The findAlmostNullpeptides.jl script identifies all amino acid substitutions that can result in the creation of a nullpeptide. However, due to constraints imposed by the genetic code, only a subset of these substitutions will be accessible through single basepair nucleotide substitions. To identify this subset of mutations, additional processing is required:

  • Run annovar to identify the genomic regions that code for proteins perl /path/to/annovar/annotate_variation.pl -hgvs -buildver hg38 -dbtype wgEncodeGencodeBasicV33 /path/to/vcf/file/with/all/mutations/overlapping/coding/regions/all_cds_mutations.vcf /path/to/annovar/db/humandb/ -out /path/to/output/all_cds_mutations
  • Extract the non-synonymous changes cut -f 2-8 /path/to/output/all_cds_mutations.exonic_variant_function | grep -e '^nonsyn' | cut -f 2-7 | awk {'printf ("%s\t%s\t%s\t%s\t%s\n", $2, $3, $1, $5, $6)'} > /path/to/output/all_cds_mutations_nonsyn.tsv
  • Process the output from findAlmostNullpeptides.jl to put into a smaller file. The shorter file is assumed to contain three columns with the transcript name (in Gencode/Ensembl format), the mutation (in AAposAA format, eg Q432W) and the index of the nullpeptide being created from the is mutation (refers to the index of the list used for findAlmostNullpeptides.jl) grep ENST /path/to/file/nullpeptides5subspos.tsv | sed 's/\(ENST[[:digit:]]*\.[[:digit:]]*\)\t\([[:digit:]]*\)\t[A-Z]\([A-Z]\)[A-Z]:\([A-Z]\)\t[0-9]\t\([0-9]*\)/\1\t\3\2\4\t\5/' | sort -u > /path/to/file/nullpeptides5subspos_short.tsv
  • To identify the mutations that correspond to these mutations run a small shell script. As this takes a long time it is recommended to split into smaller jobs on a high performance cluster and belowed it is assumed that the coordinates for the nullpeptide generating mutations are stored in files where 1,000 nullpeptides at a time were processed nfiles=$((n/1000 + 1)) ; for ((i=1; i<=$nfiles; i++)) ; do <command for submitting job to scheduler> run_find_all_nullpeptide_mutations.sh $i ; done Here it is assumed that $n contains the number of nullpeptides.
  • The results can then be merged as cat /path/to/files/all_cds_nonsyn_nullpeptide5subs_* | sort -u > /path/to/files/all_cds_nonsyn_nullpeptide5subs_uniq.tsv
  • The total number of mutations is found as wc -l /path/to/files/Gencode/all_cds_nonsyn_nullpeptide5subs_uniq.tsv
  • We can add back the id of the nullpeptide as well grep -f /path/to/file/all_cds_nonsyn_one_transcript_nullpeptide5subs_uniq.tsv /path/to/file/nullpeptides5subspos_short.tsv > /path/to/file/all_cds_nonsyn_one_transcript_nullpeptide5subs_uniq_nullpepinds.tsv

nullomer_permutations

This directory contains the Python scripts with which the occurrences of all kmers with 1bp Hamming distance from each nullomer were estimated. The input format is a tab delimited file with first column containing the kmer sequence and second column the occurrences in the search space.

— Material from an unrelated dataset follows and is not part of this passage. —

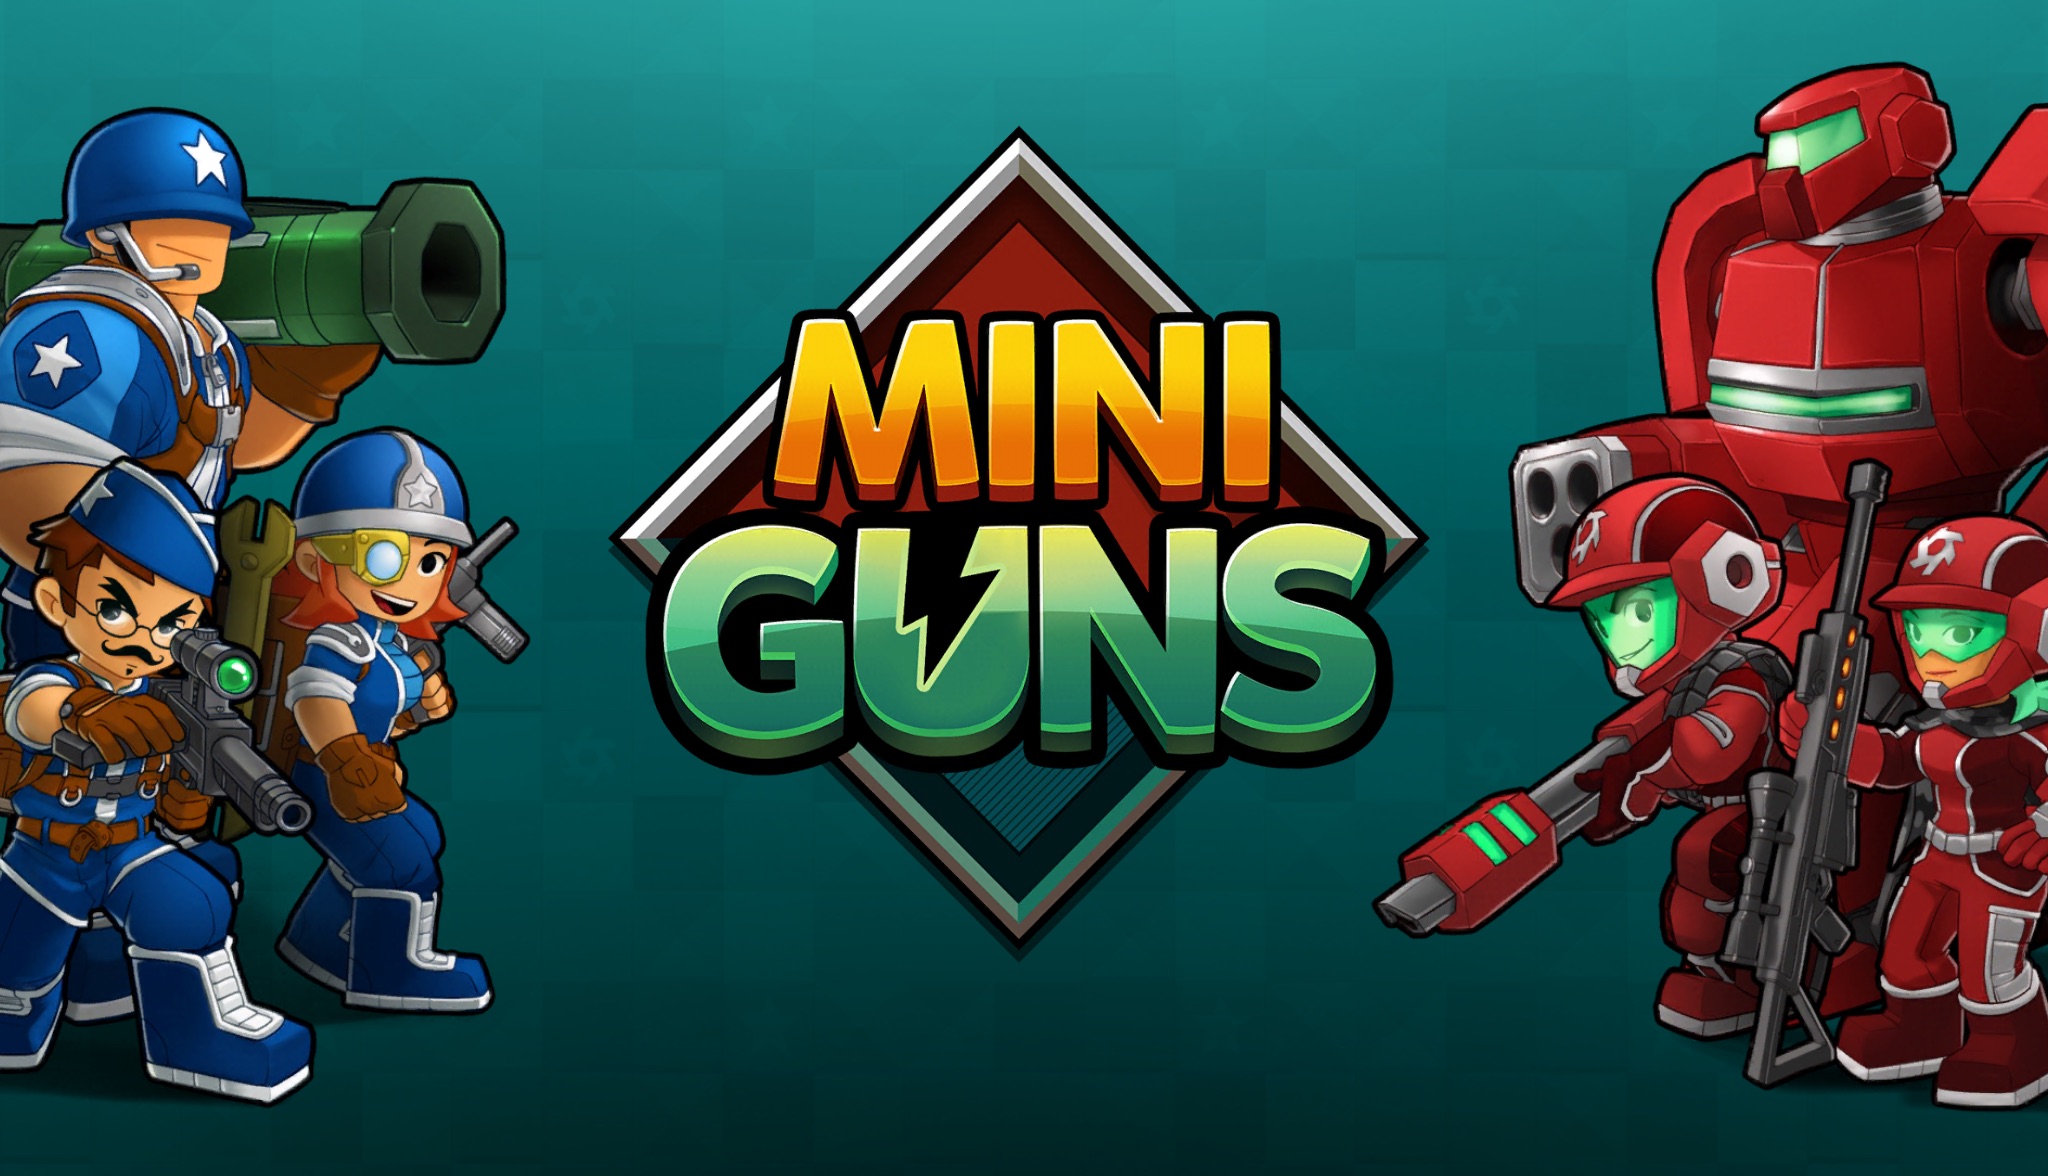 Mini Guns Feature

  • hamming_distance_nullomers_gen.py This script estimates the median number of occurrences of all 1bp Hamming distance kmers for each nullomer.

nullomer_simulation

This directory contains the Python script with which simulations of sequences were performed controlling for mono / di / trinucleotide context.

  • sim_sequences.py - this file generates the simulated FASTA files (n=100). We then extracted the nullomers and nullpeptides of the simulated genomes and proteomes using the nullomer_extraction and nullpeptide_extraction scripts.

nullpeptide_extraction

This directory contains a set of Python scripts that enable the extraction of all nullpeptides from a proteome search space.

  • extract_peptides.py - this file scans the proteome search space (FASTA format input) and counts the number of occurrences of every peptide kmer. The range of kmer lengths to scan is provided as a variable. The results are saved in an output file. The example provided is for the reference human proteome for nullpeptide kmer lengths between 1-7aa.
  • possible_kmers.py - this script produces all possible peptide kmers to search if they are nullpeptides or not.
  • generate_all_counts.py - this script generates the final output file with the occurrences of each peptide kmer including nullpeptides in the proteome search space of interest.